Prince Charles blamed Jews in Arab-Israeli conflict in 1986 letter

By @chelean on
Britain's Prince Charles pays his respects at the India Gate war memorial in New Delhi, India, November 9, 2017.
Britain's Prince Charles pays his respects at the India Gate war memorial in New Delhi, India, November 9, 2017. Reuters/Cathal McNaughton

Prince Charles blamed Jews in the conflict in the Middle East in the letter he wrote in 1986. The letter was for Afrikaner explorer Laurens van der Post, his mentor, and was allegedly about why he thought the unrest in the region was caused by the exodus of European Jews.

The letter, published by the Daily Mail, gave insight into the future king’s thoughts about the conflict between the Arabs and Jews in the region. He wrote that the “influx of foreign Jews” was to blame, urging the US to “take on the Jewish lobby,” a term considered to be anti-Semitic by some as it suggested wealthy Jews in the US operate behind the scenes to influence government policy.

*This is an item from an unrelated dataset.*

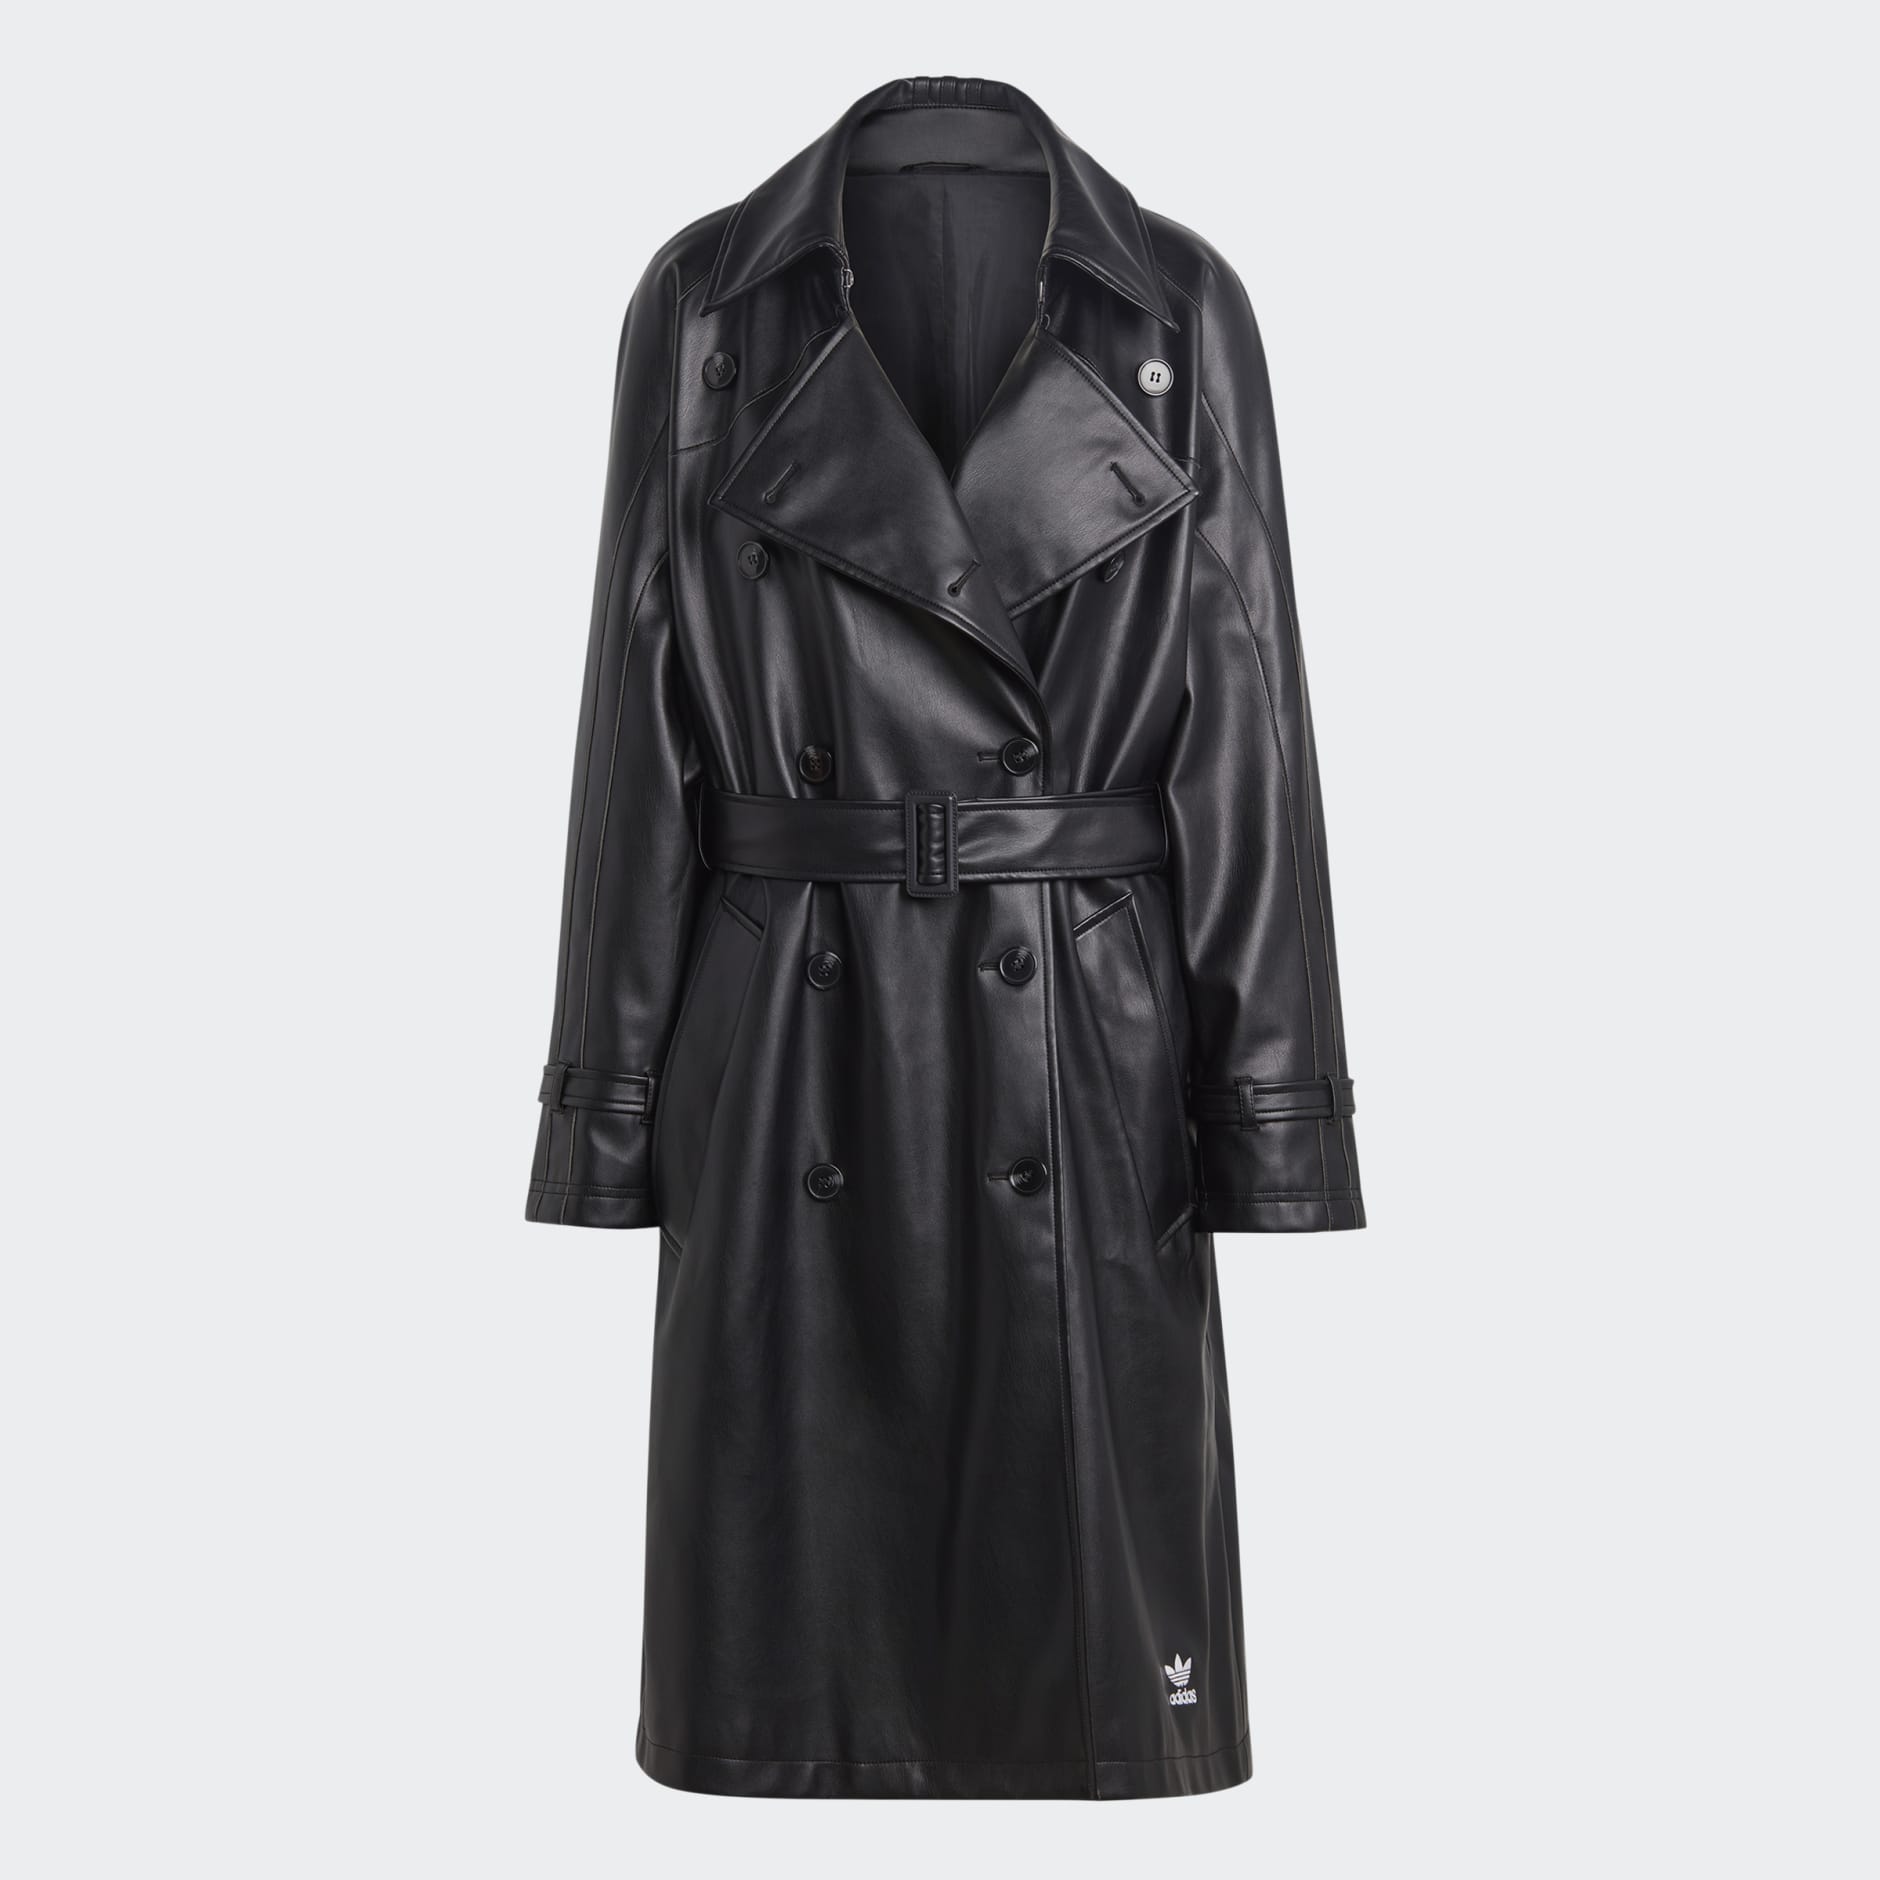 Centre Stage Faux Leather Trench Coat

Charles wrote the letter on Nov. 24, 1986, right after his and his then-wife Princess Diana’s official visit to Saudi Arabia, Bahrain and Qatar. He told his mentor that the trip gave him understanding into the Arabs’ point of view about Israel.

“I now appreciate that Arabs and Jews were all Semitic people originally and it is the influx of foreign, European Jews (especially from Poland, they say) which has helped to cause great problems,” the letter read. “I know there are so many complex issues, but how can there ever be an end to terrorism unless the causes are eliminated? Surely some US president has to have the courage to stand up and take on the Jewish lobby in US? I must be naïve, I suppose!”

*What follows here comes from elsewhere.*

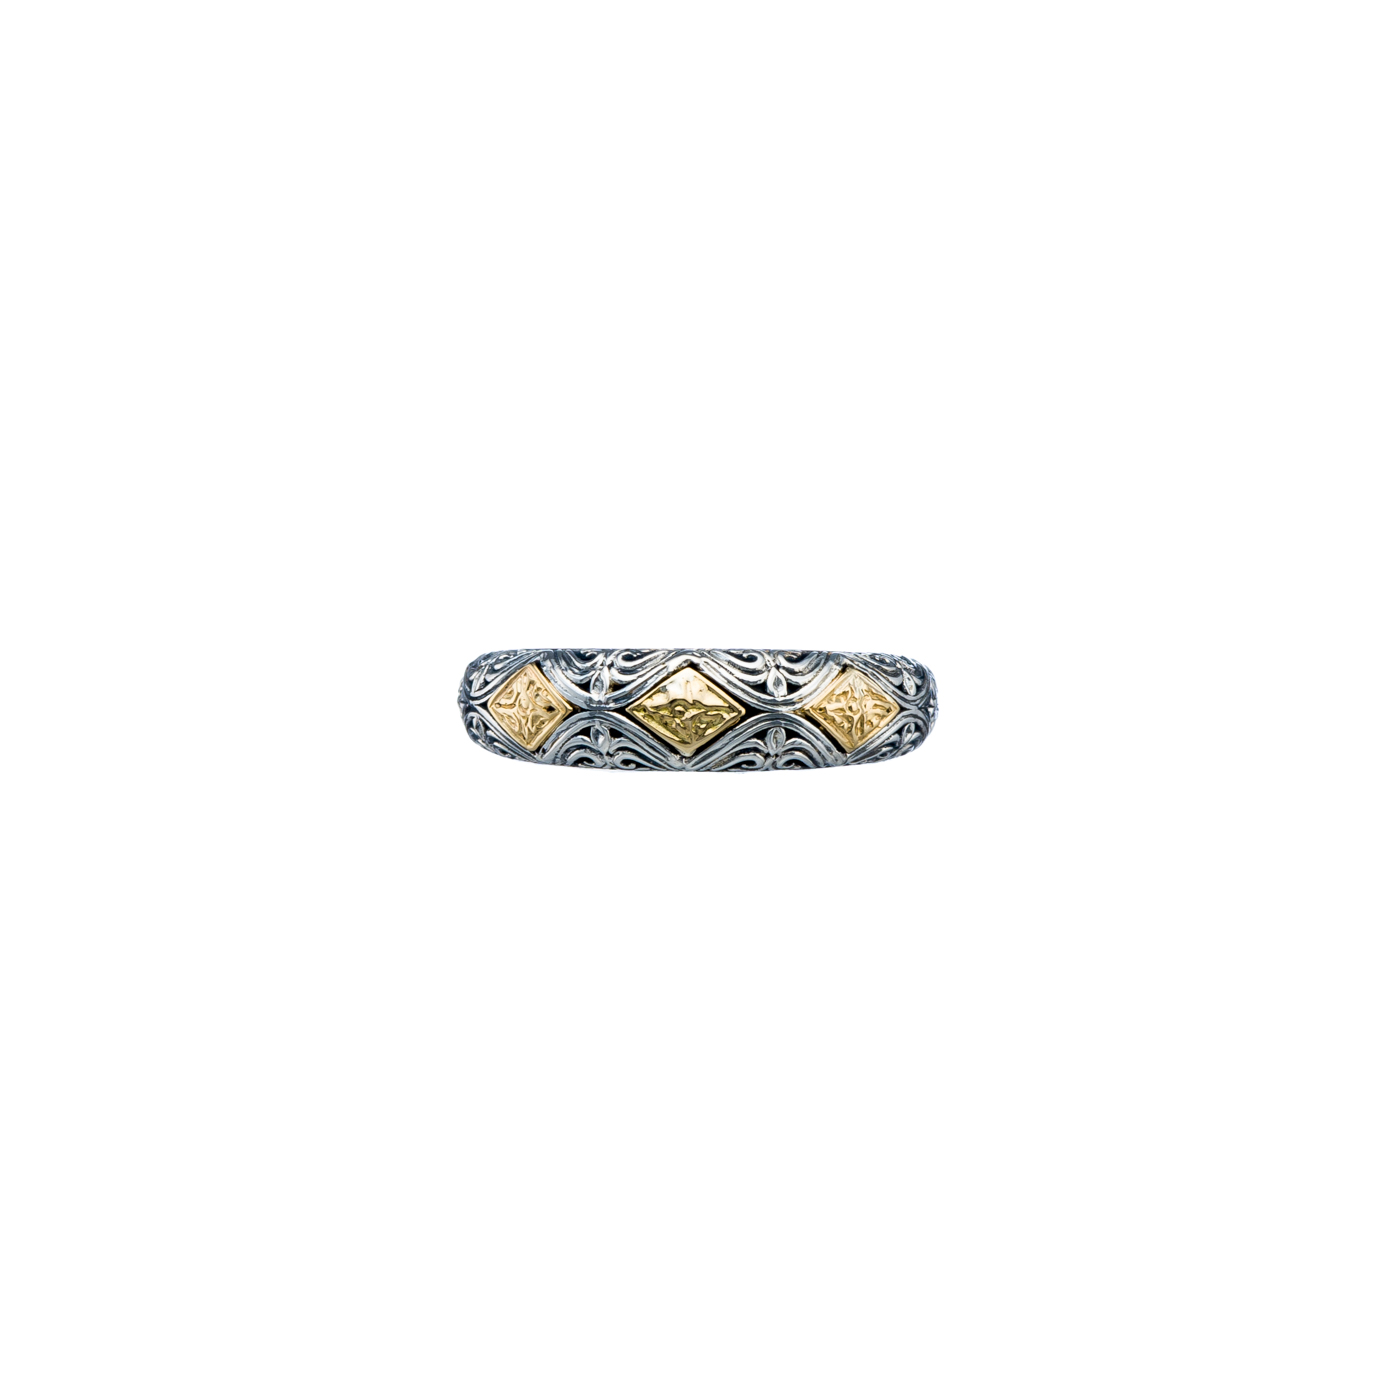 Band ring in 18K Gold & Sterling silver

According to The Jewish Chronicle editor Stephen Pollard, the most offensive in the prince’s letter was his use of the term “Jewish lobby.” “It is this myth there are these very powerful Jews who control foreign policy or the media or banks or whatever,” he was quoted by the Daily Mail as saying. He added that the term coming from the heir to the throne is “unsettling.”

Pollard also said that Charles’ reference to the influx of European Jews was “absolute classic Arab explanation of the problems in the Middle East.” He said that the idea that Jews were some kind of foreigners who had no real place in Israel was nonsense.

Charles, who had previously expressed concern at the rise of anti-Semitism in Britain and at the same has been a defender of Islam, should come under fire for the use of the term, according to Nigel Farage. The former Ukip leader received censure when he alleged that there was a “powerful Jewish lobby” in the US earlier this month.

A Clarence House spokesperson, meanwhile, addressed the 1986 letter, saying Charles, who turns 69 on Tuesday, was sharing the opinions of those who met in his visit, not his own. “The letter clearly states that these were not the Prince’s own views about Arab-Israel issues but represented the opinions of some of those he met during his visit, which he was keen to interrogate,” the statement said.

“He was sharing the arguments in private correspondence with a longstanding friend in an attempt to improve his understanding of what he has always recognised is a deeply complex issue to which he was coming early on in his own analysis in 1986.”